USC Digital Folklore Archives / Posts Tagged ‘panchthantra’
Narrative
Tales /märchen

The Monk and the Mouse

The tale: “So this monk was sitting on the beach when a kite fly, which I don’t really know what that is, but he saw a kite fly carrying a mouse and the mouse fell on the monk. So the monk wrapped the mouse with a leaf and took it home and prayed that the mouse would turn into a girl. And the mouse turned into a really beautiful girl, and the monk and his wife adopted her, so she like grew up and um, when she was an adult the monk told her that she should get married. And he told her to choose a man to marry, and the girl said she wanted like the most powerful man in the entire world. The monk thought she meant that she wanted the sun, so he went to like look for the sun and he found the sun and asked him if he wanted to marry his daughter. But the sun was like there’s someone more powerful than me…it’s um this cloud that covers me up during the day. So the monk left the sun and went to the cloud but the cloud was like there’s someone more powerful than me too, it’s the…um…oh yeah, it’s the wind. Because it blows me around. So the monk went to find the wind but the wind was like there’s someone EVEN MORE POWERFUL THAN ME, it’s the mountain, because it doesn’t move when I try to move him. So the monk went to find the mountain and the mountain says that the rat is more powerful because he can dig holes in me. So the monk finally goes to the rat and asks him to marry his daughter, but the rat says that he can only marry a mouse, right? So then the monk prayed that his daughter would turn back into a mouse, which God answered, and the mouse and the rat lived happily ever after.”

 

The informant is Indian American. Her parents are both from India, but she was born in California. She’s not very religious, but she considers herself culturally Indian. When I asked her where she heard this story, she said “The story is from The Panchthantra, which is an Indian book of myths and stories, and I used to have a comic book version growing up.” So the story is clearly a folktale that was transcribed into authored literature, which then became many different versions, one of which was a comic book. It follows traditional oral tradition, the most prominent of which is only two characters in a scene. The monk only speaks to one person at a time. I think the message of the story is to remain humble.
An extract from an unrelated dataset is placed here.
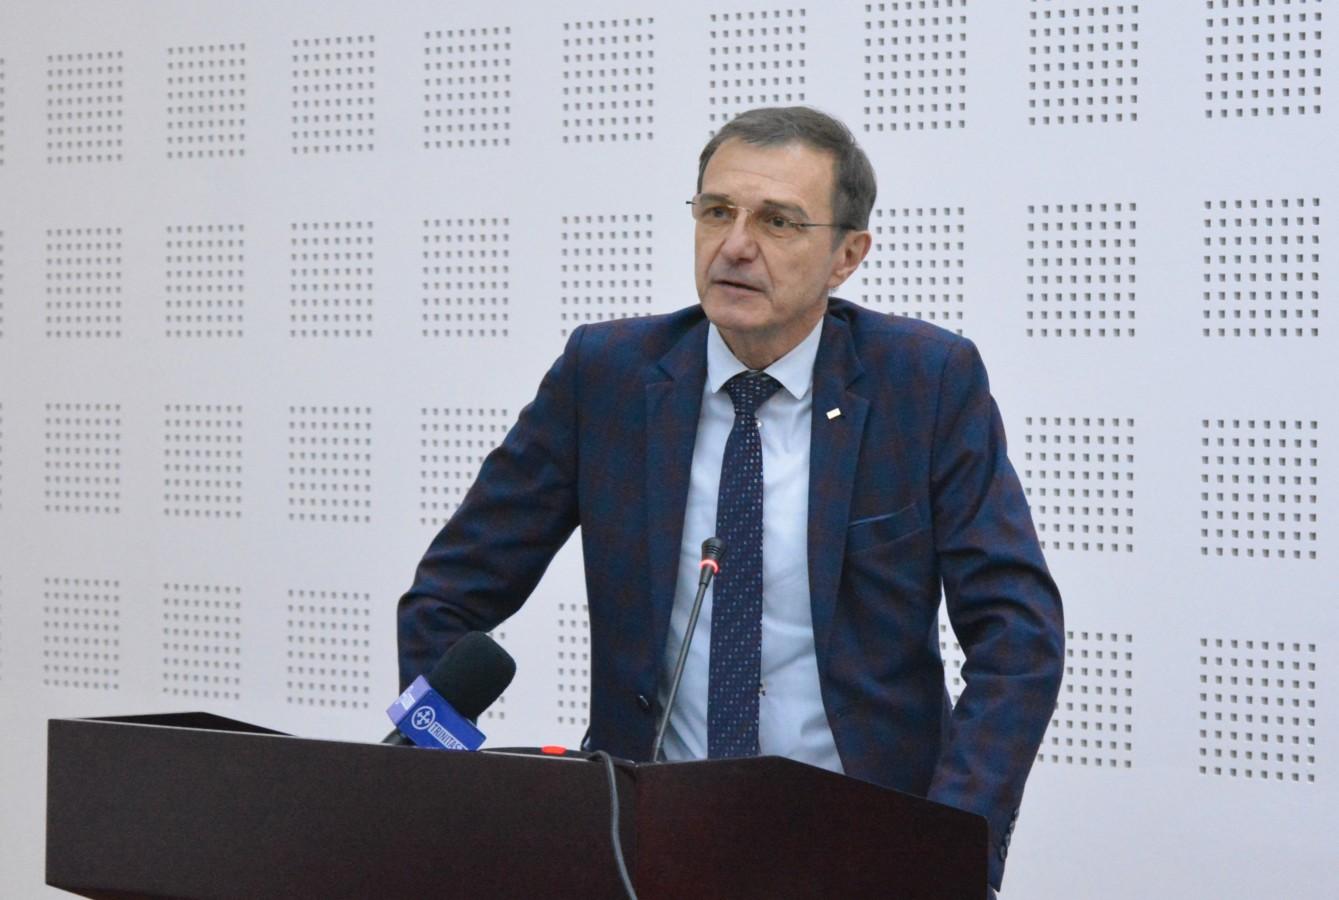 Președintele Academiei Române, Acad. Ioan-Aurel Pop a conferențiat astăzi pentru preoții clujeni
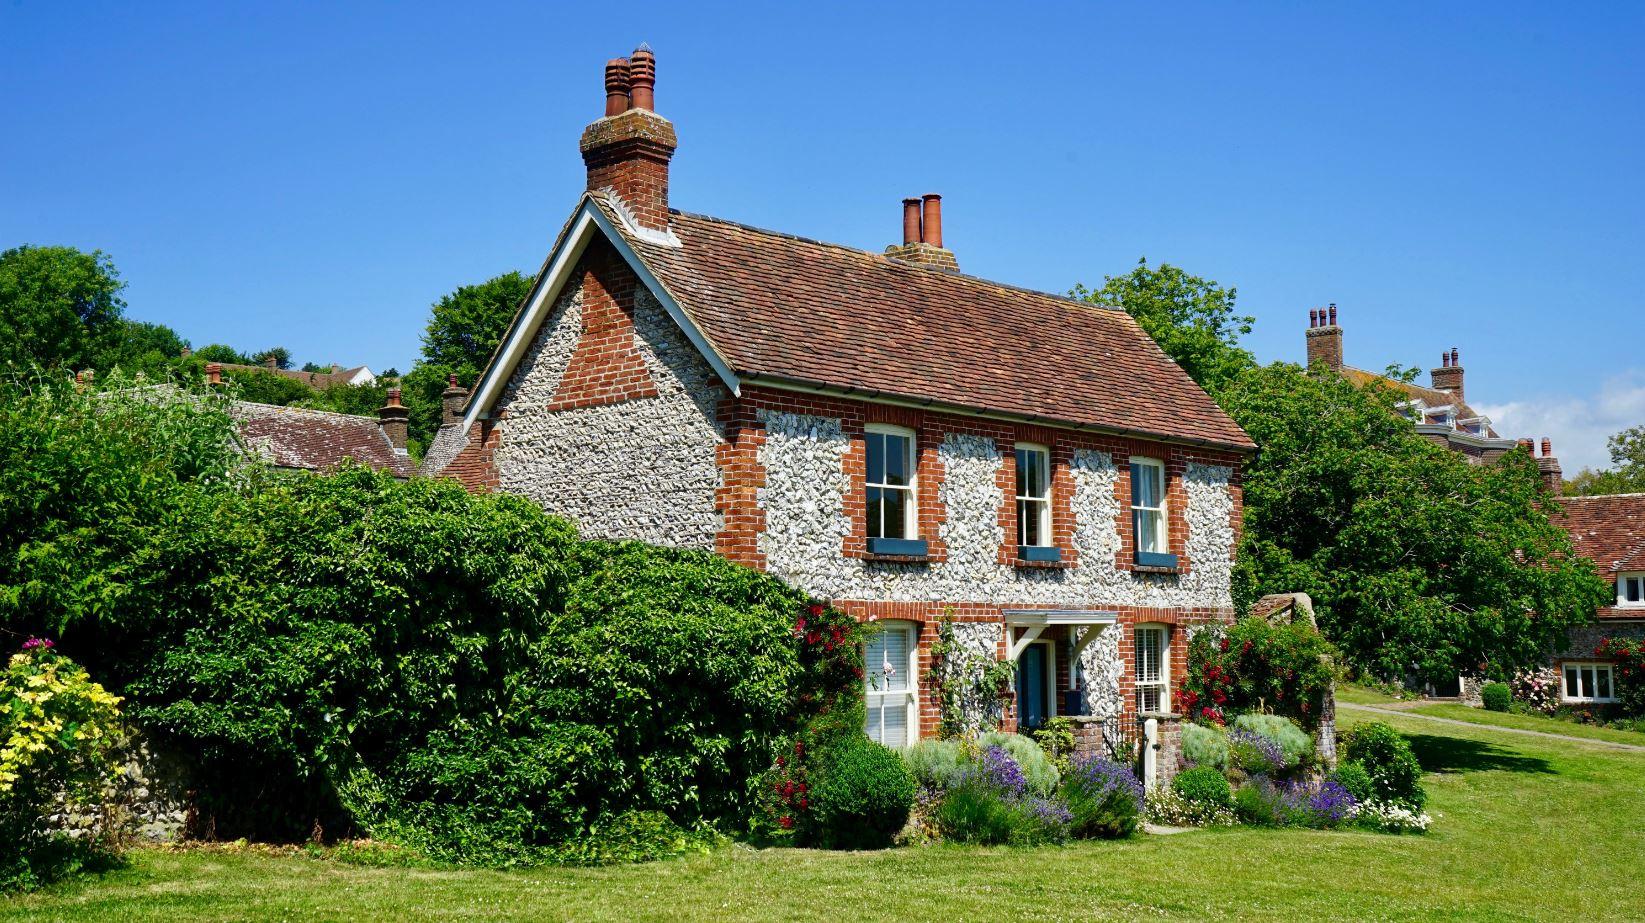 Mercato immobiliare: la richiesta di case in campagna sale ...

The young girl wants the most powerful husband in the world, but it ends up being a simple rat. And even then she cannot marry him unless she is reduced to her original state; so regardless of her transformation into a beautiful woman, and her wish for a powerful husband, she herself is humbled by her transformation and her final choice of husband. I think another message is that power is not where we’ll expect it, and there are many different forms of power. This tale is probably a good one to tell to children who become to over-arrogant.